● **PROBLEM STATEMENT**
All of the data below should be printed again exactly, pictures excluded.

● **DATA EXCERPT**

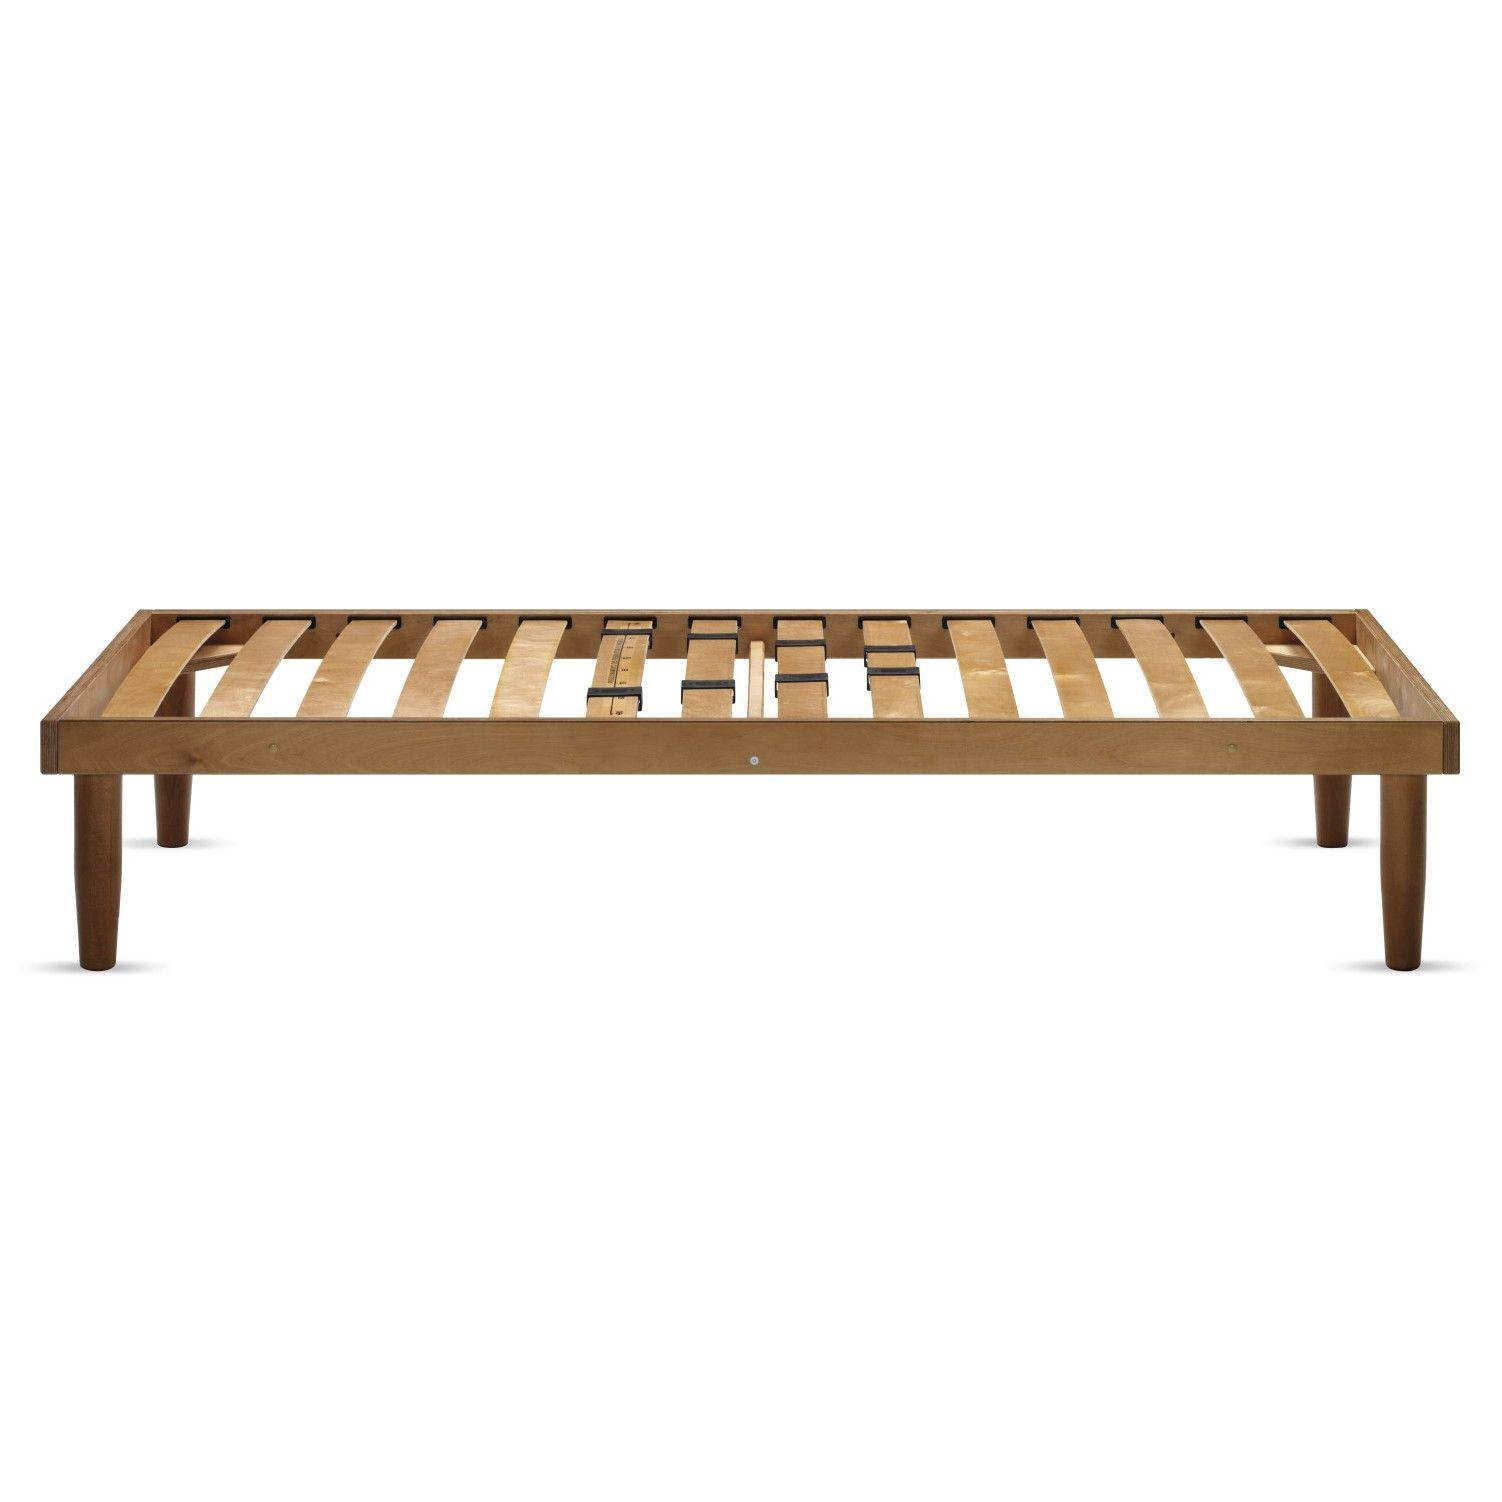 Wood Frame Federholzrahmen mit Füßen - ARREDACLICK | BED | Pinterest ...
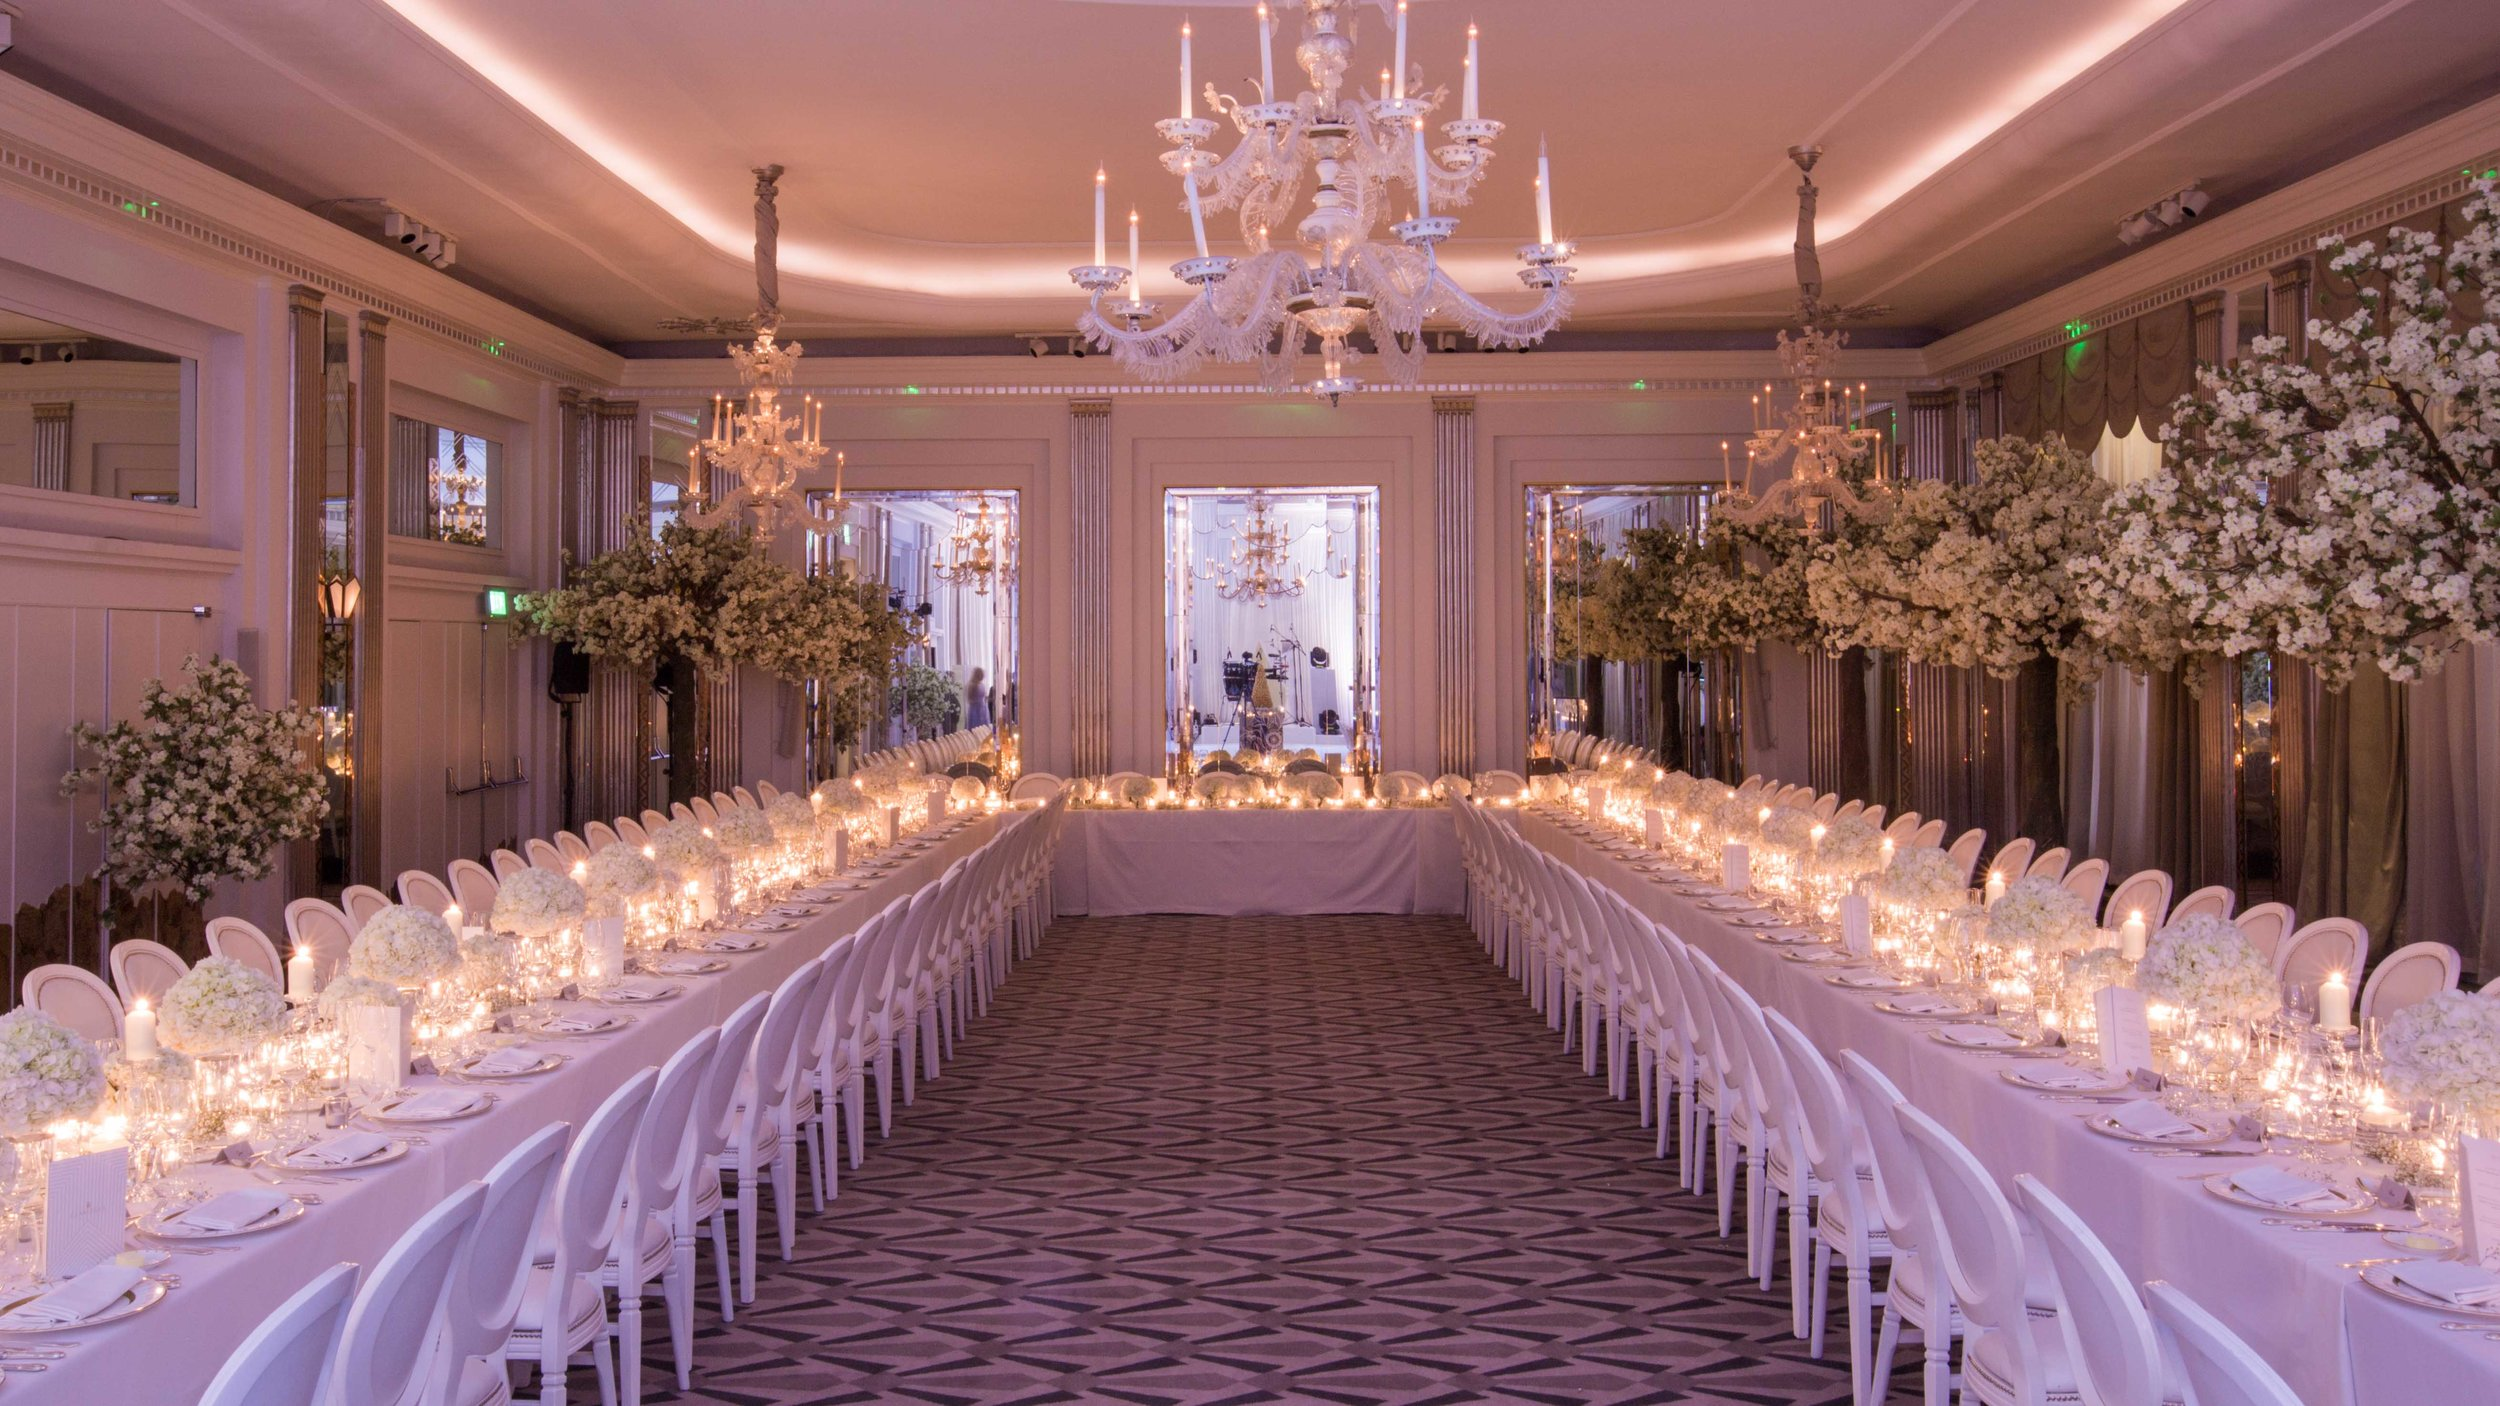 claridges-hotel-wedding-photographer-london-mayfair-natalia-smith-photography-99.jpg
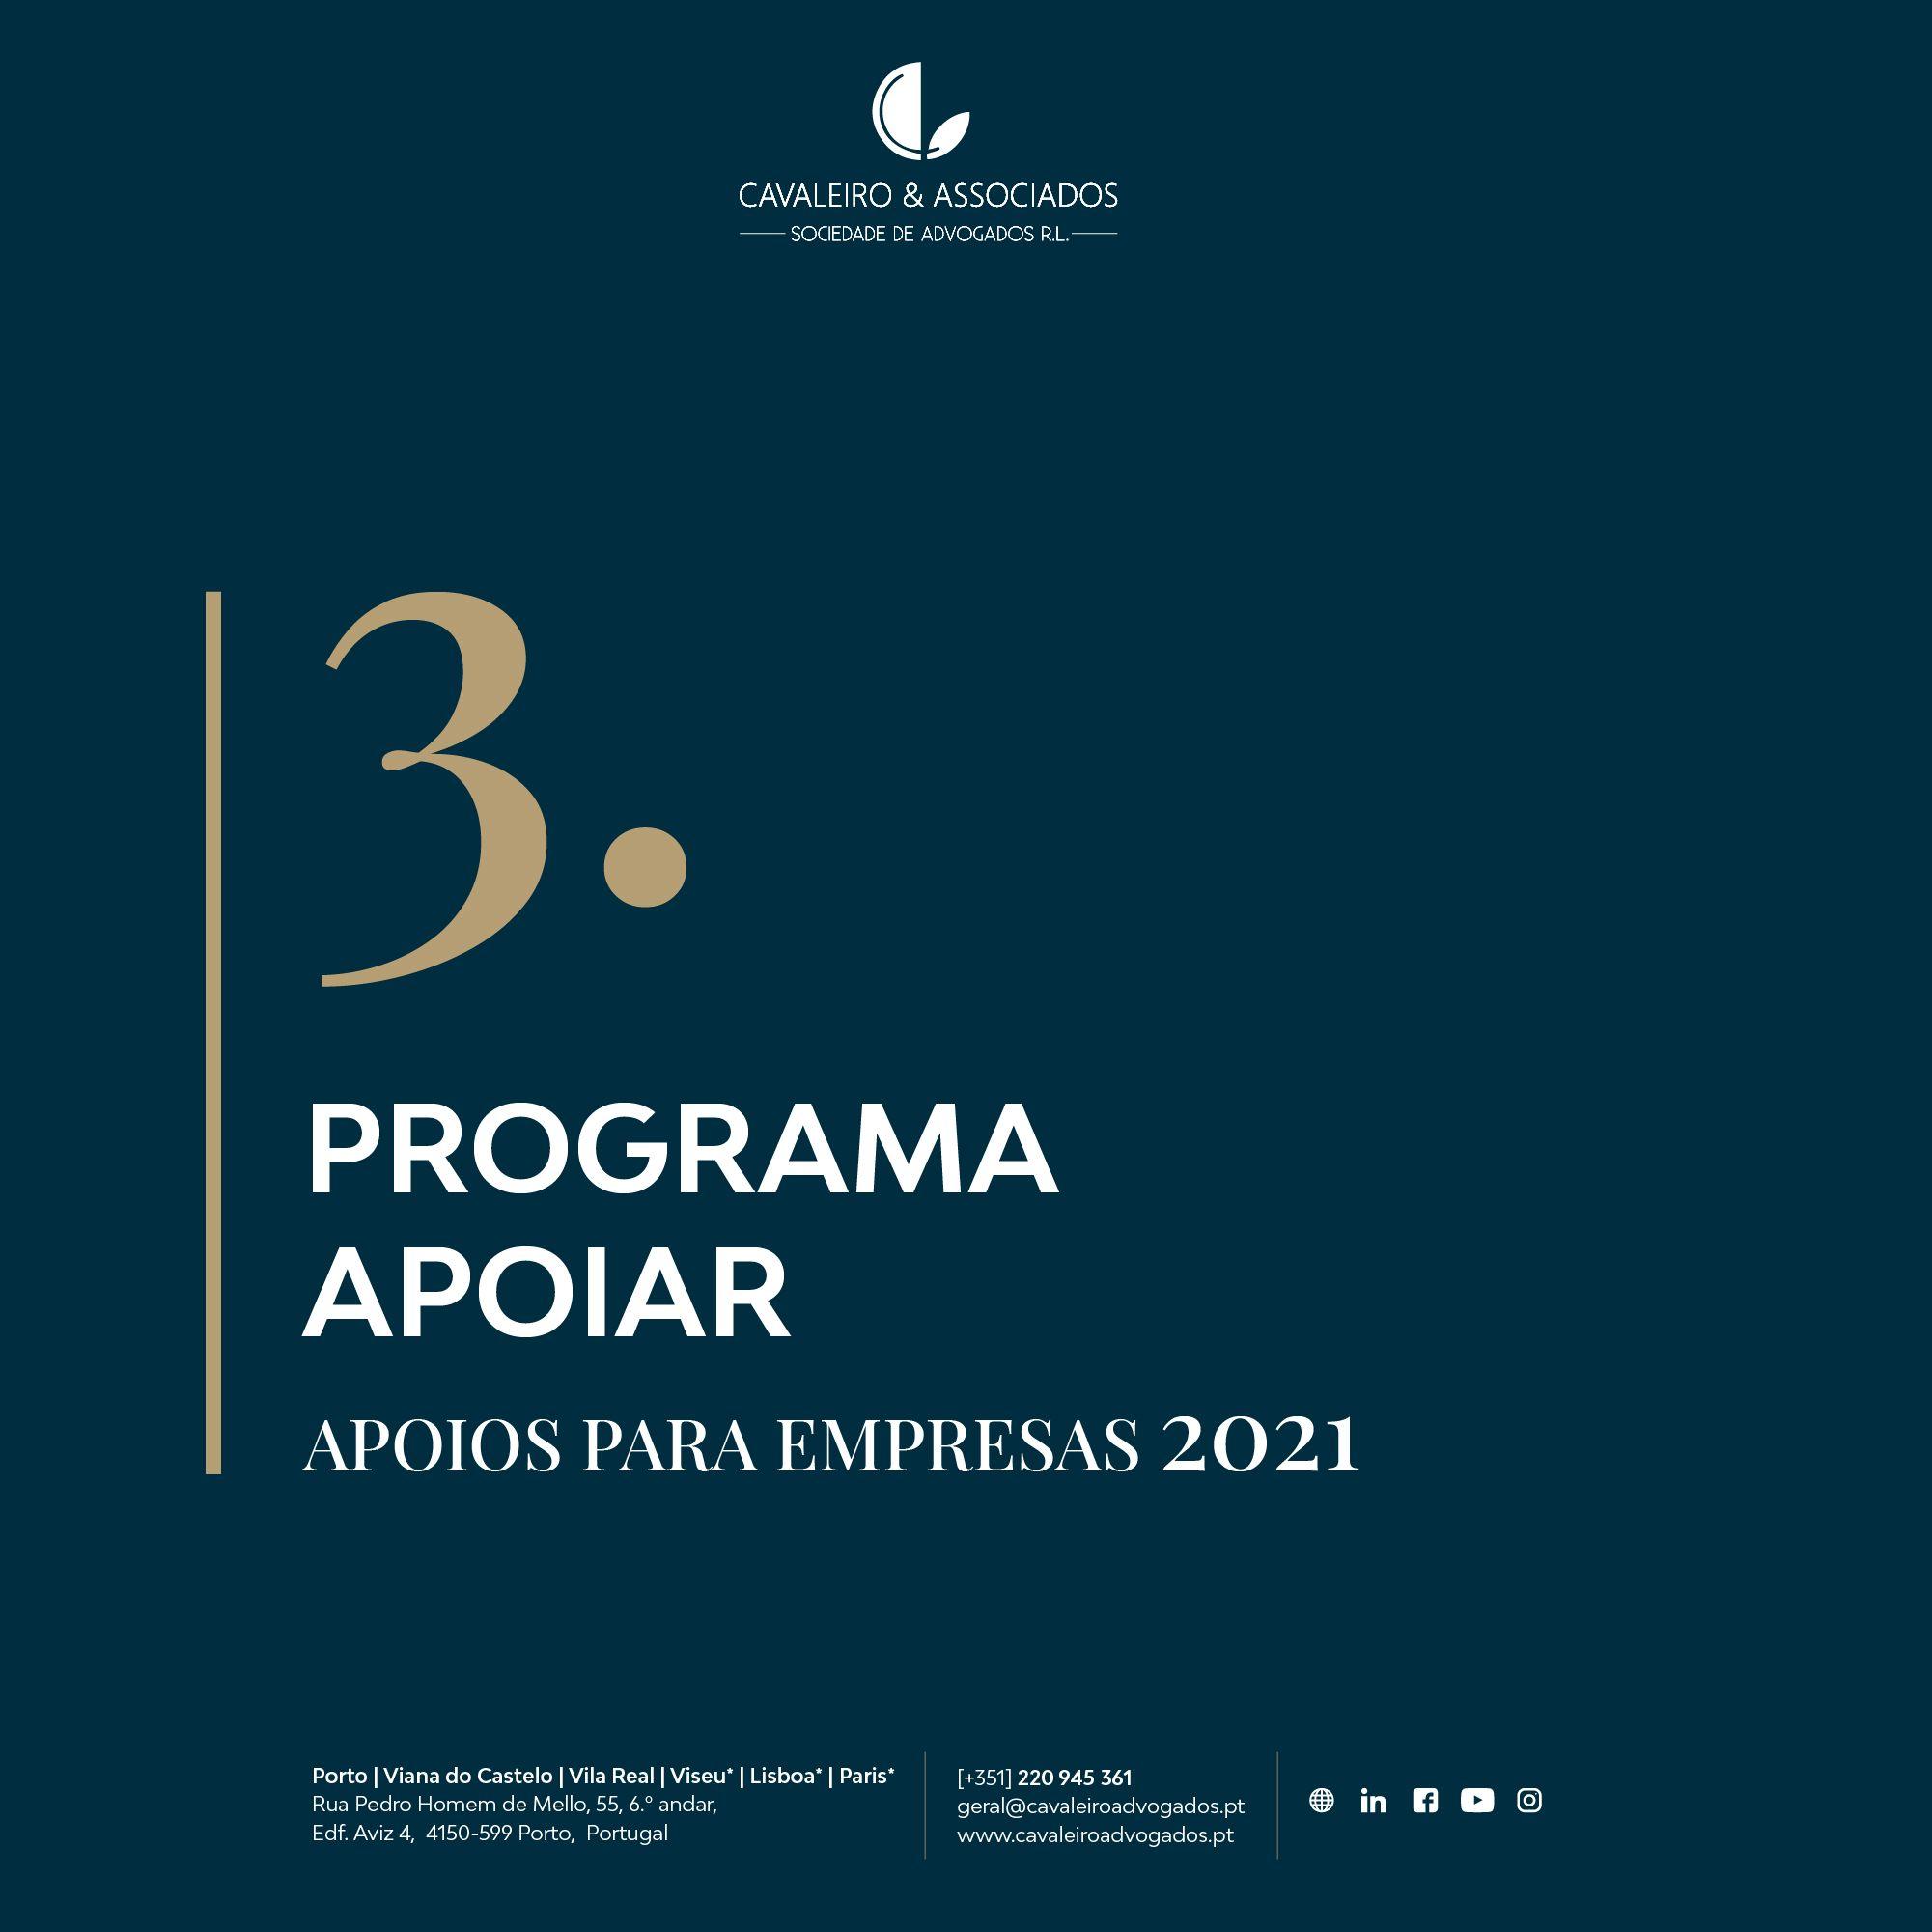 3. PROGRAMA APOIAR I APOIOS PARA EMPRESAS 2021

● **TASK RESULT**
 Wood Frame Federholzrahmen mit Füßen - ARREDACLICK | BED | Pinterest ...
 claridges-hotel-wedding-photographer-london-mayfair-natalia-smith-photography-99.jpg
 3. PROGRAMA APOIAR I APOIOS PARA EMPRESAS 2021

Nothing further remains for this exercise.